Friday, February 6, 2015

How immigration detention became big business locking up border crossers and asylum seekers

This week, three news outlets – Fusion, the New York Times Magazine, and the Texas Observer – each separately published investigations and in-depth pieces looking inside the booming new for-profit immigration detention industry.


Taken together they paint a disturbing portrait of a taxpayer-funded, abuse-ridden private prison industry that was set up by federal officials who then proceeded to change immigration policy to fill the prisons with border-crossing immigrants and asylum-seeking women and children.

What’s more, as the
Fusion investigation showed, many federal officials from the very agencies that oversaw the transition of this system later went to work for the private prison companies holding the no-bid contracts, in some cases gaining an eight-fold increase to their salaries.


As the
NYTMag and the Texas Observer articles illustrated, this phenomenon coincided with a change under both the Bush and Obama administrations of locking up asylum seekers and immigrant families while their cases are pending.

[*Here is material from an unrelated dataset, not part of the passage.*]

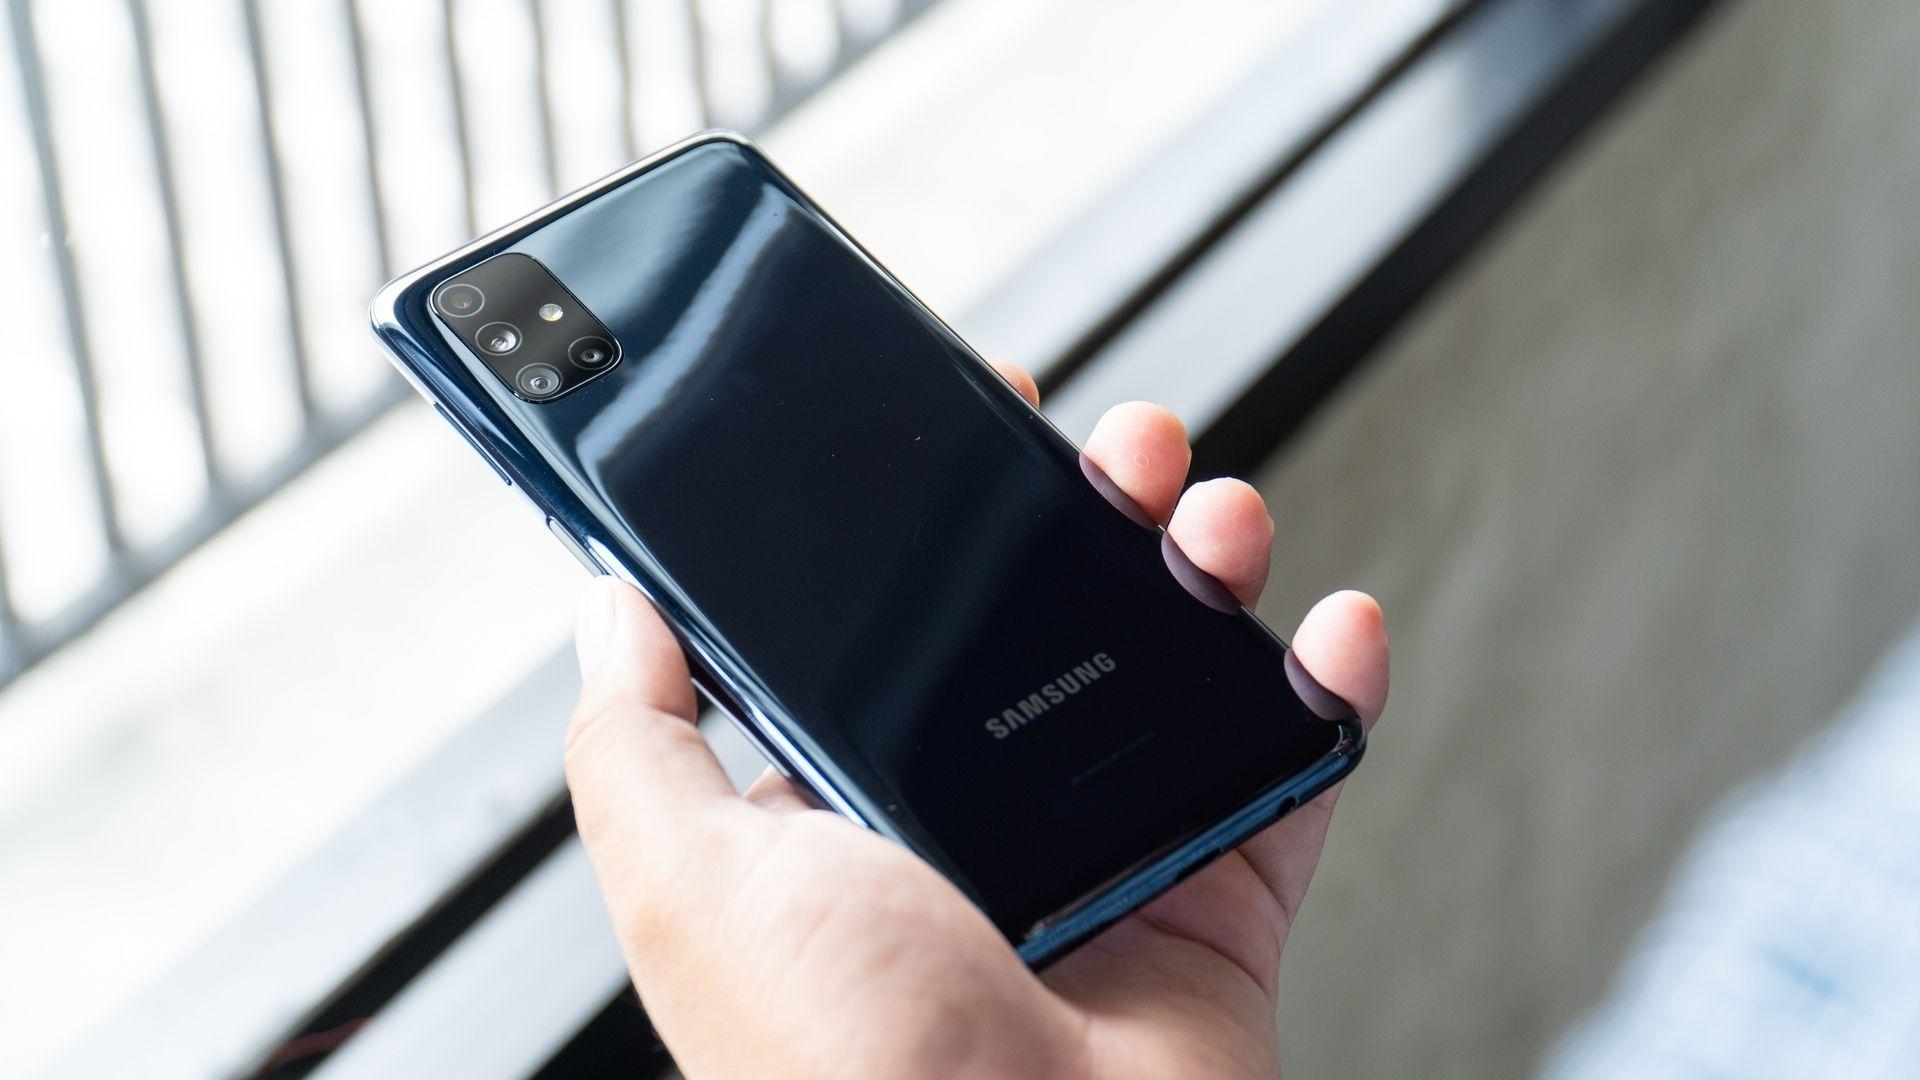 Samsung Galaxy M51 (Crédito: Shutterstock)

This has resulted in Central American women and children – who in many cases escaped rape, death threats and the killings of relatives by cartels and gangs – languishing for months behind bars in prison settings, where guards have been accused of sexually abusing the detainees.

In many other cases, with no legal right to a lawyer, asylum-seeking immigrant women and children have been warehoused in immigrant detention centers before “expedited” deportation, in some instances, to their deaths.

Here is what the investigations and articles reported:
Fusion: Shadow Prisons
  • “…without a single vote in Congress, officials across three administrations: created a new classification of federal prisons only for immigrants; decided that private companies would run the facilities; and filled them by changing immigration enforcement practices.
  • One of those practices was Operation Streamline in 2005. While immigrants previously caught re-entering the country illegally were mostly put on a bus and sent back, under Operation Streamline, officials began to prosecute and lock them up for an average term of 18 months, creating a booming business for the private prison industry.
  • In the years leading up to this, private prison companies spent record-level funds lobbying the federal government, and two of the biggest companies supported elected officials whose legislation helped steer more business their way.
  • In the last five years, the two biggest private prison companies have made $2 billion from their federal contracts.
  • Three of the last four directors of the Bureau of Prisons – which is assigned the most immigration beds – now sit on the boards of the biggest prison companies. Other officials in charge at government agencies when Operation Streamline was implemented and prisons were being built are now working in the private prison industry.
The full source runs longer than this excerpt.